PEGASYS® Program (PEG Interferon Alpha)

        We are a party to a license, manufacturing and supply agreement with F. Hoffmann-La Roche Ltd. originally executed in November 1998, whereby we licensed to Roche the PEG reagent used in Roche's Pegasys product for the treatment of chronic hepatitis C. We share a portion of the profits on this product with Enzon Pharmaceuticals, Inc. We are also a party to a subsequent agreement with Roche executed in April 1999, related to further collaborative work on Pegasys, a PEGylated interferon alpha-2a product.

Somavert® Program (PEG-hGHRa)

        We are a party to a license, manufacturing and supply agreement with Sensus Drug Development Corporation originally executed in April 2000, for the PEGylation of Somavert (pegvisomant for injection), a human growth hormone receptor antagonist. This agreement provides us with milestone payments, and manufacturing revenues related to the PEG reagent. In March 2001, Pharmacia Corp. acquired Sensus and in April 2003, Pfizer, Inc., acquired Pharmacia.

        Somavert has been approved for marketing in the U.S. and Europe for the treatment of certain patients with acromegaly. Patients with acromegaly often suffer from headache, excessive sweating, soft-tissue swelling, joint disorders and a progressive coarsening of facial features and enlargement of the hands, feet and jaw. In acromegaly, excess production of growth hormone is usually caused by a pituitary tumor, which is a condition affecting an estimated 40,000 patients in the U.S., Europe and Japan.

PEG-INTRON® Program (PEG Interferon Alpha)

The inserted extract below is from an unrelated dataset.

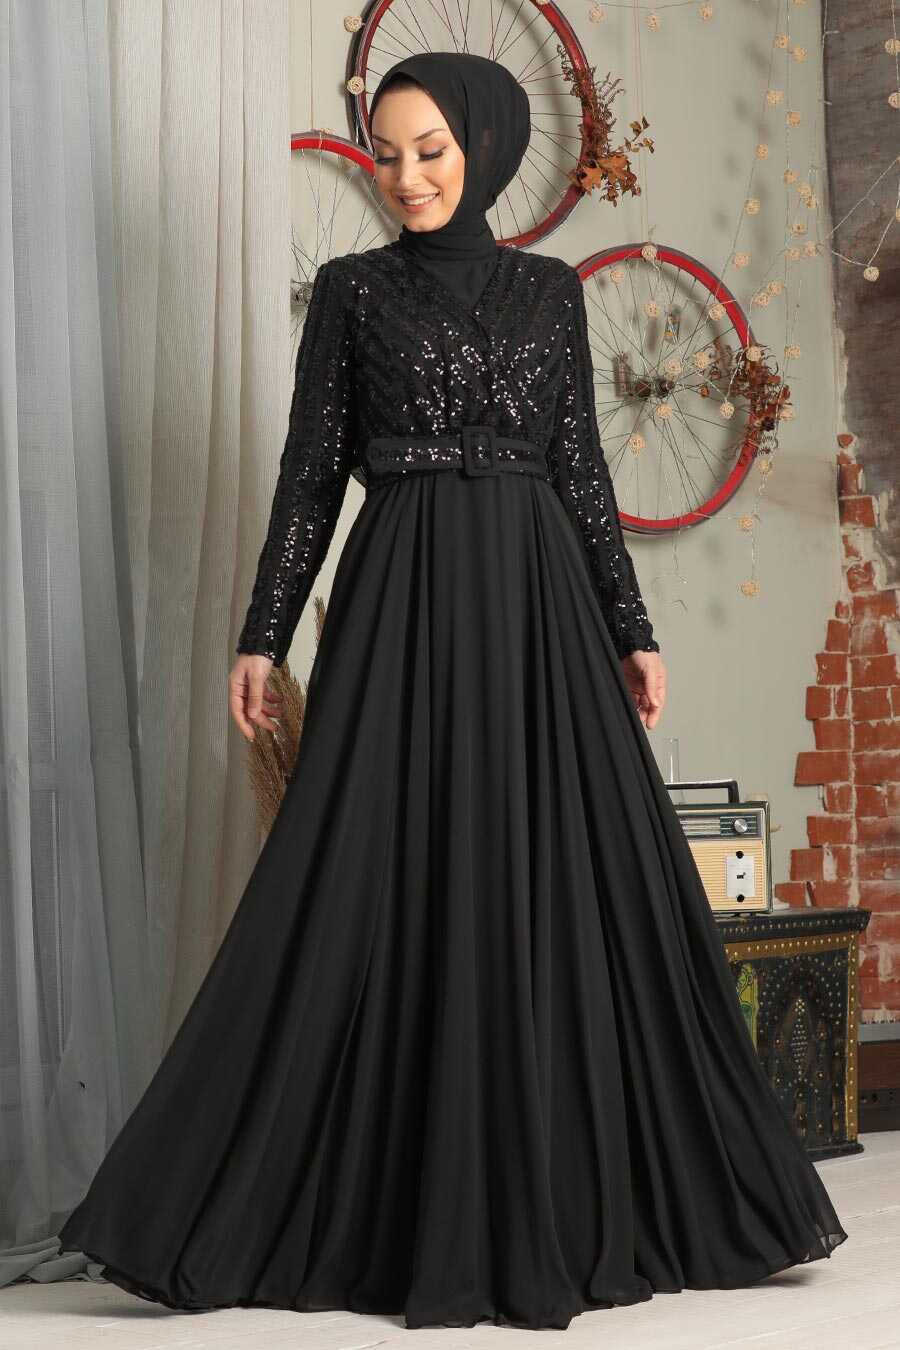 Black Hijab Evening Dress 3316S - Neva-style.com

        We are a party to a manufacturing agreement with Schering-Plough Corporation originally executed in February 2000 in connection with the PEG reagent used in PEG-INTRON (PEG-interferon alpha) for use in the treatment of the hepatitis C virus.

        Chronic hepatitis C is estimated to affect some 10 million people in the major world markets. The Centers for Disease Control and Prevention ("CDC") estimate that between 2.7 and 4 million people living in the United States are chronically infected with the hepatitis C virus with 70 percent of infected patients going on to develop chronic liver disease. Hepatitis C infection contributes to the deaths of an estimated 8,000 to 10,000 Americans each year and this toll is expected to triple by the year 2010, according to the CDC.

Definity® Program (PEG)

        We are a party to an agreement with Dupont Pharmaceuticals, now part of Bristol Myers-Squibb, originally executed in 1996. Bristol Myers-Squibb is using our Advanced PEGylation Technology in its Definity ultrasound system for diagnostically visualizing the heart.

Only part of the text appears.